Sure enough, the IE figures have dropped by five per cent in the past six months, to 69 per cent. And Windows (every version from XP to 98) has dropped the same amount, also to 69 per cent.
Several factors will skew those figures. Many non-IE users identify themselves as IE on Windows, for example, since that combination is "required" by many websites. This is easily accomplished – browsers send a user-agent identifier to web servers, and more capable browsers offer the ability to change this. On the flip side, most search engines are identified as non-IE browsers, which will increase those figures.
Nevertheless, the numbers are interesting. In the security space, it is not surprising to see a relatively high proportion using browsers other than IE, and Unix-oriented platforms. But Microsoft's share is still a lot lower than we would expect, by at least 10-15 per cent.
Out in the wider internet world, web server stats are changing less dramatically. Netcraft's August survey shows the trend of slow movement continuing, with Apache growing at others' expense (mainly IIS, but also Sun and Zeus servers), but the growth is only in fractions of a per cent each month. Apache is now sitting at 67.47 per cent market share, according to Netcraft.

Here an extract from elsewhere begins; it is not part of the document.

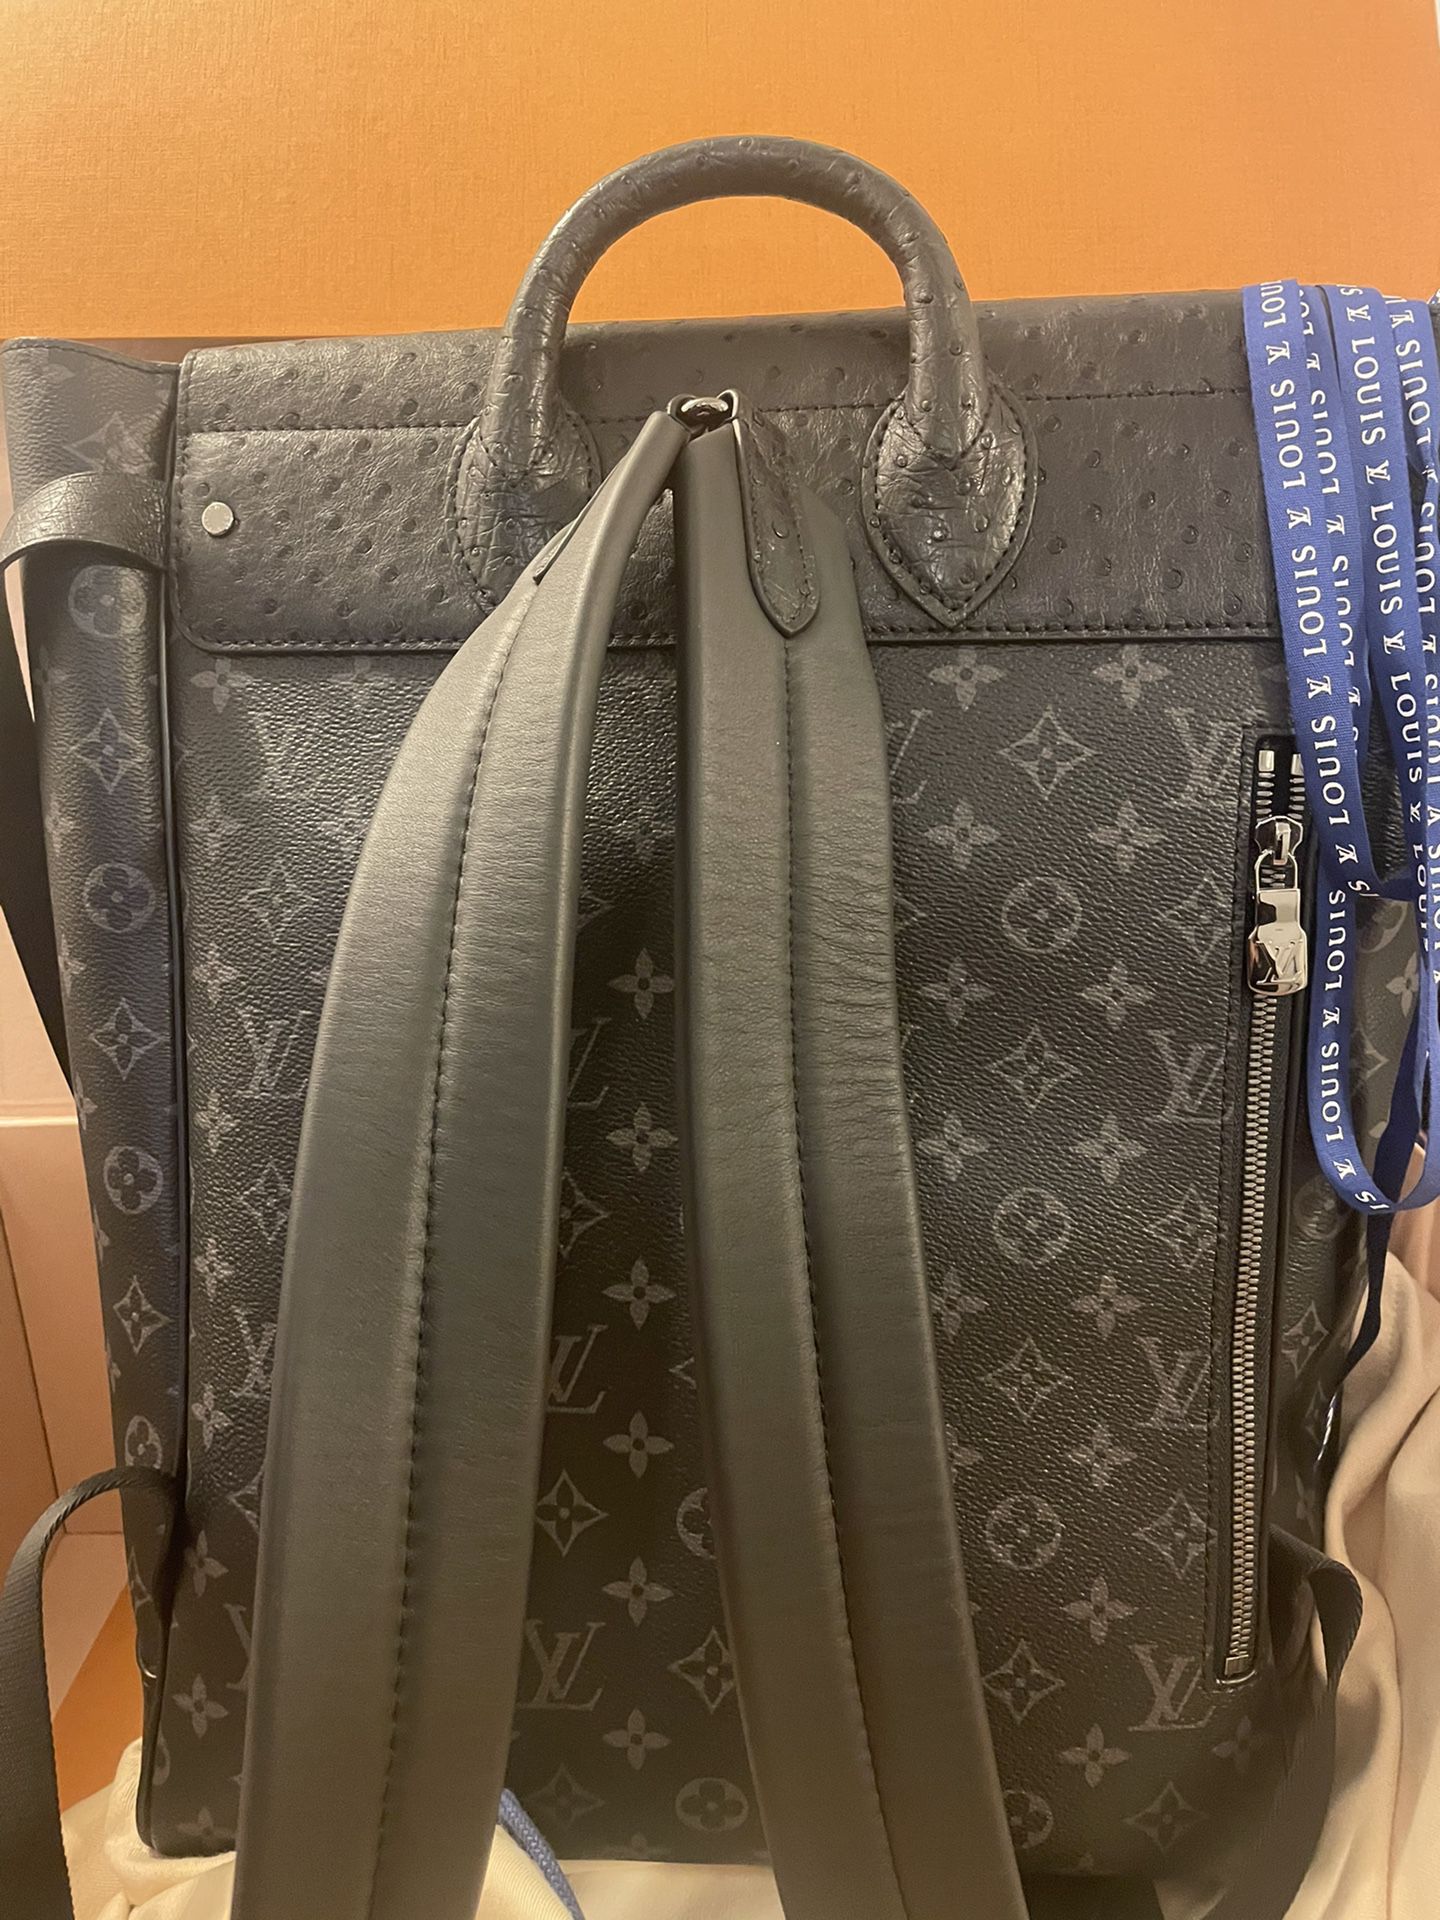 Louis Vuitton LV Men's backpack - $200 OBO - clothing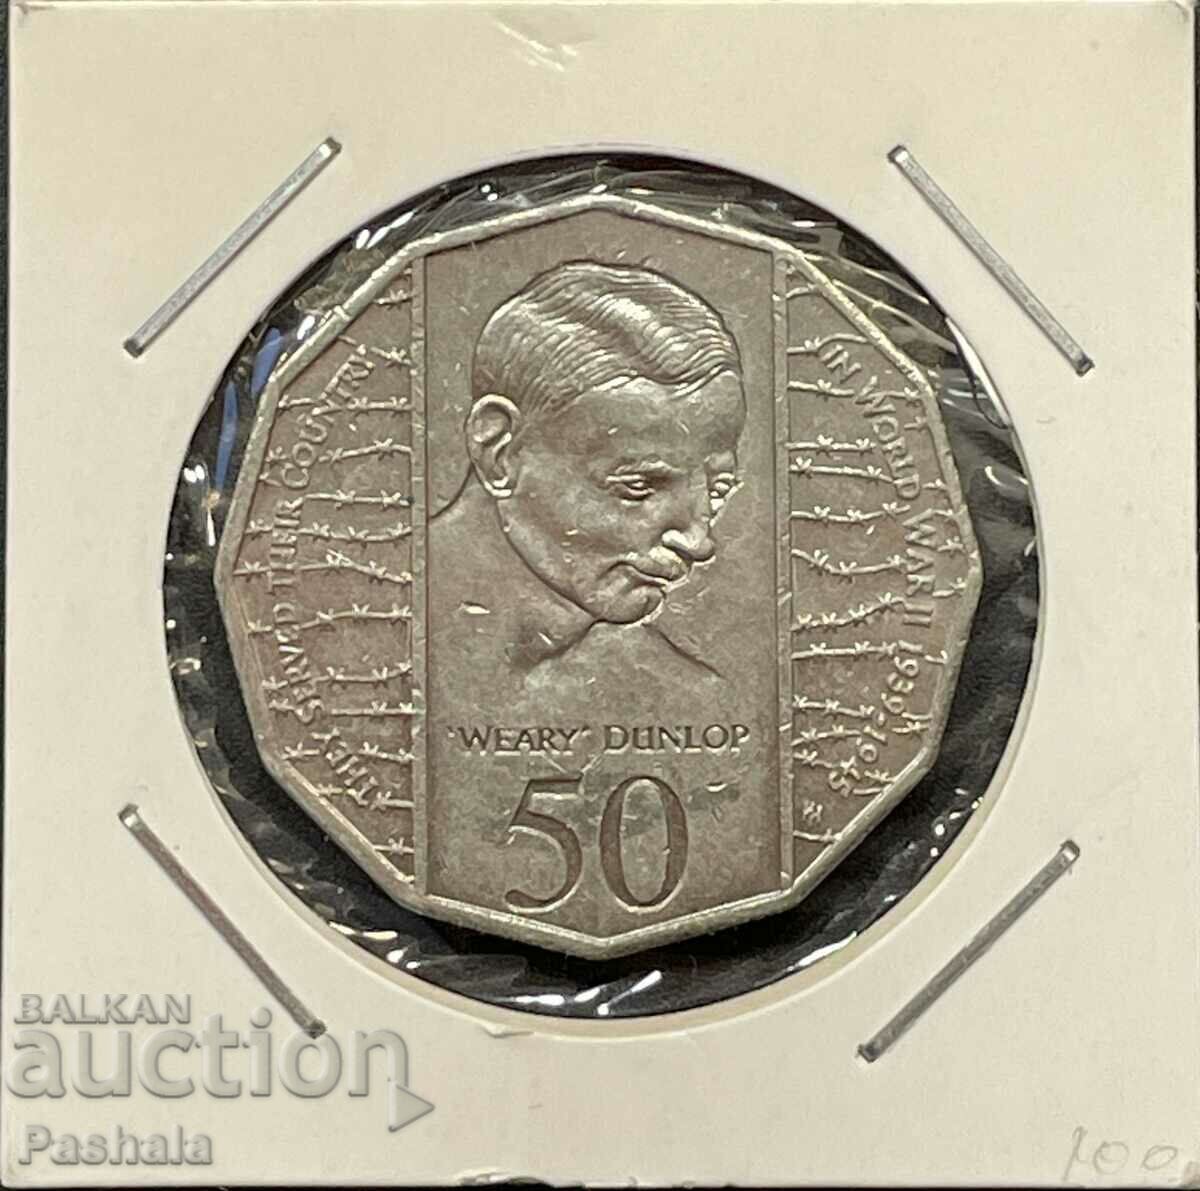 Australia 50 cents 1995

Isolated security concerns are unlikely to impact Microsoft's market share much. XP Service Pack 2 is expected to address many security problems in the near term, and the company is working hard on its tarnished security reputation across the board. Meanwhile, competitors are growing in their audacity. The Mozilla Foundation has announced a bounty of $500 to anyone who discovers a severe security flaw in its flagship browser.